As the first step in this development, we are automating the existing codes (Dreger and Kaverina, 1999 - described in detail in the research section). Programs developed for interactive use in a research environment require significant effort to structure and harden for an operational environment and our recent efforts have focused in this direction. We have divided the finite-fault estimation procedure into 2 REDI stages. In the first stage, BDSN regional waveform data are prepared for inversion and preliminary or initial estimates of the rupture parameters are derived using empirical scaling relationships.

These empirical estimates are then checked by testing a line-source rupture either along the rake or in the horizontal plane. Studies of the Landers and Northridge earthquakes (Dreger and Kaverina, 1999) suggest that the horizontal line source may work better. The line source calculation can be computed quite rapidly and it is possible to test a range of rupture velocities as well as both possible fault planes in order to identify the causative fault. When completed, this REDI stage will yield preliminary estimates of the rupture length, width, rupture velocity, dislocation rise time, and probable fault plane. These values then become input to the next stage for refinement. Stage 5 will perform the full 2-dimensional inversion for distributed slip on both fault planes and will produce a slip map for the preferred plane.

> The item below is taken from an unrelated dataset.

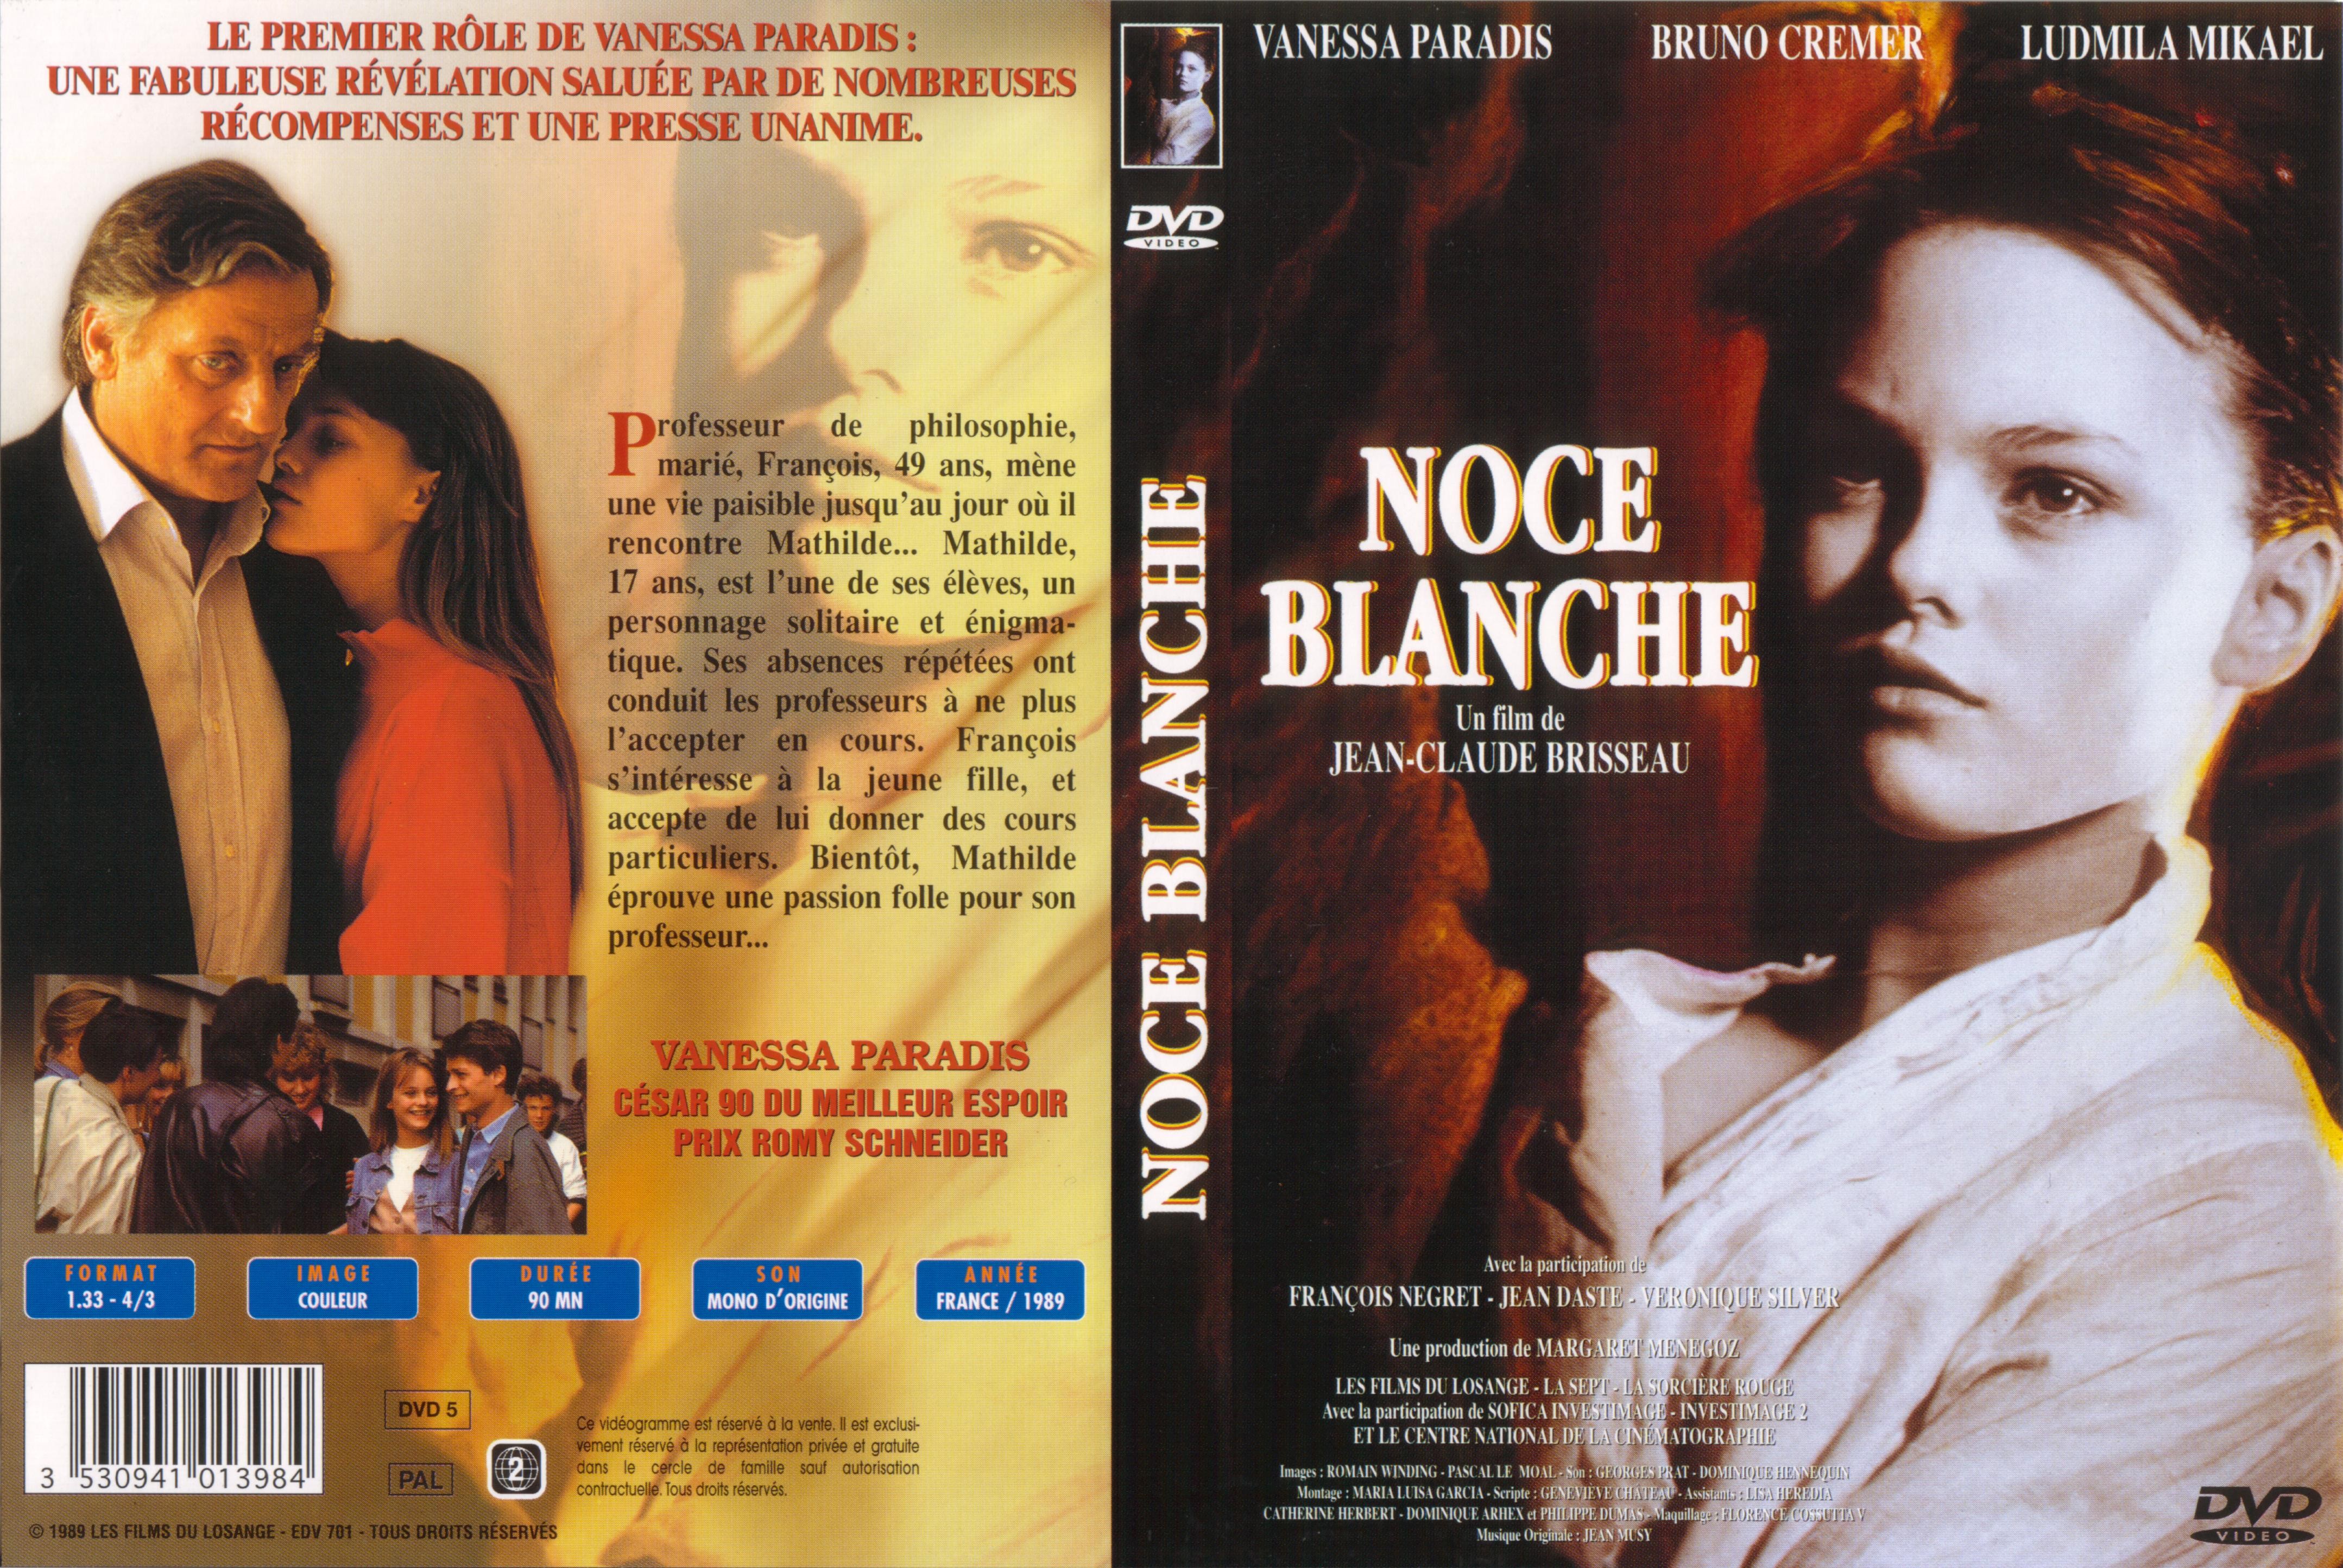 Jaquette DVD Noce blanche

The automation of these codes is nearly complete and we anticipate having them fully incorporated within the REDI structure before the end of 1999. These stages will be executed for earthquakes of moment magnitude 6.0 and higher.

In parallel with this development, we are also working toward the parameterization of fault rupture using GPS. As planned, this system would parallel the REDI processing and provide an independent estimate of the source parameters.

"Shake Maps"

The quantification of a finite rupture is important for emergency response as it may be used to identify communities directly affected by the faulting process. However, these parameters may be used to predict areas of strong shaking following a major earthquake. These "Shake Maps" are highly valued by emergency response personnel (Wald et al., 1999) and have become a routine operation in southern California as part of the TriNet Project. In northern California, we are working with the USGS and the CDMG to implement capabilities similar to those in southern California. The USGS has taken the lead role in adapting the southern California software to northern California (in particular, correcting for site effects and attenuation relations). At the moment, we are working to development mechanisms to import data from the REDI stage of strong-motion processing to the USGS for map generation.

In the longer term, we plan to implement the generation of shake maps as part of the REDI system. In particular, we intend to both implement the current "approved" procedures (Shake Map Ver 1.0) as well as new methods that take the finite-fault parameters estimated by the REDI system and use the theoretical Green's functions to generate synthetic seismograms for a grid of points. Maps of predicted peak ground acceleration, peak ground velocity, and spectral acceleration will be generated.

Redundant Processing

In a further step to insure that information is available following a major Bay Area earthquake, we have established a backup processing facility in the Sacramento headquarters of the California Office of Emergency Services. This site receives data from 6 BDSN stations and operates independently of the UC Berkeley notification system. Although utilizing a small subset of the BDSN, the system has the capability to detect and locate moderate-size earthquake.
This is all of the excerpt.